| Feature | Extraneous Variable | Confounding Variable |
|---|---|---|
| Definition | Any variable other than the IV that could affect the DV. | An uncontrolled variable that did change systematically with the IV. |
| Impact | Adds 'noise' to the data but may not ruin the experiment if controlled. | Provides an alternative explanation for the results, ruining internal validity. |
| Example | A slight noise outside the room (if it affects everyone). | One group being tested in the morning and the other at night. |
Identify the Design First: Before discussing procedures, determine if the study is independent groups or repeated measures. If it is repeated measures, you must mention counterbalancing to address order effects.
Operationalisation is Key: When describing procedures, always specify exactly how the IV was changed and how the DV was measured (e.g., 'number of words recalled' rather than just 'memory').

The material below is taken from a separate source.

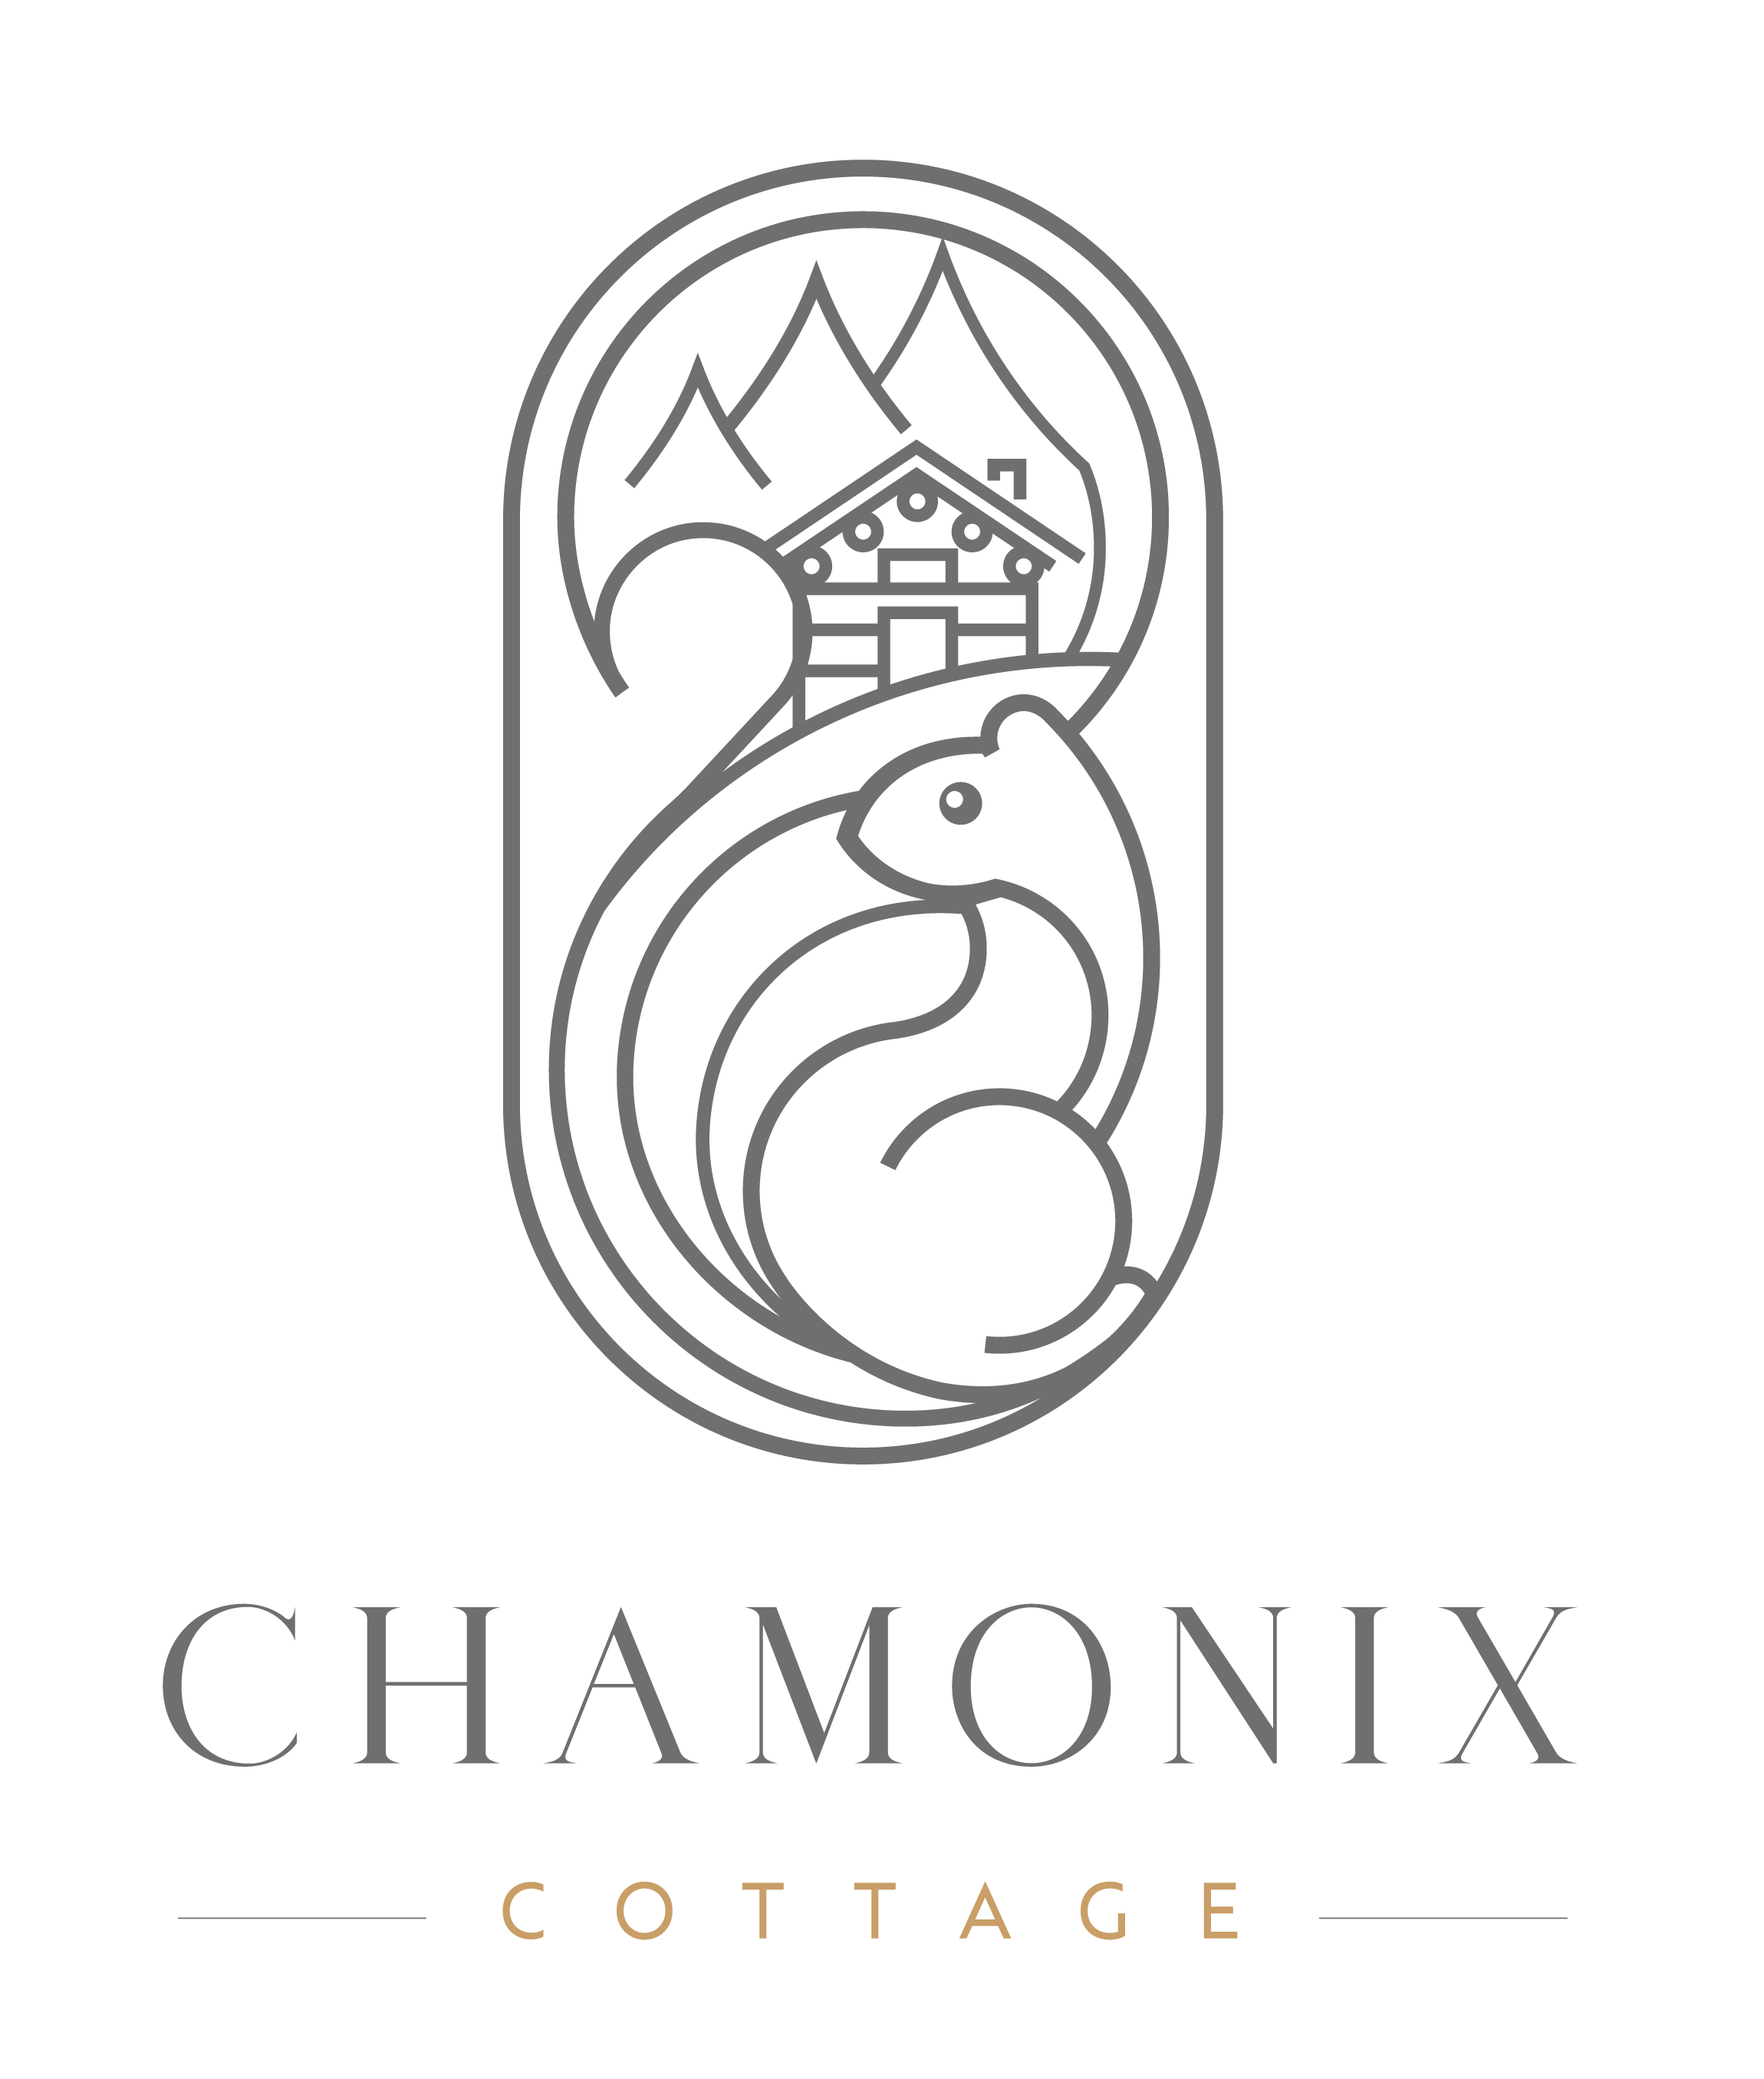 Chamonix Cottage | Contact - How to find us ? - Chamonix Cottage

Check for Standardisation: If an exam question asks how to improve a study's reliability, suggest standardising the instructions or the environment so the study can be replicated.
The Control-Validity Trade-off: Students often assume more control is always better. However, extremely high control can lead to low ecological validity, meaning the results might not apply to real-world settings.
Demand Characteristics: If a procedure is too obvious or artificial, participants may guess the aim of the study and change their behavior, which creates a bias that standardisation alone cannot fix.
Confusing Reliability with Validity: A procedure can be perfectly reliable (giving the same result every time) but completely invalid (measuring the wrong thing).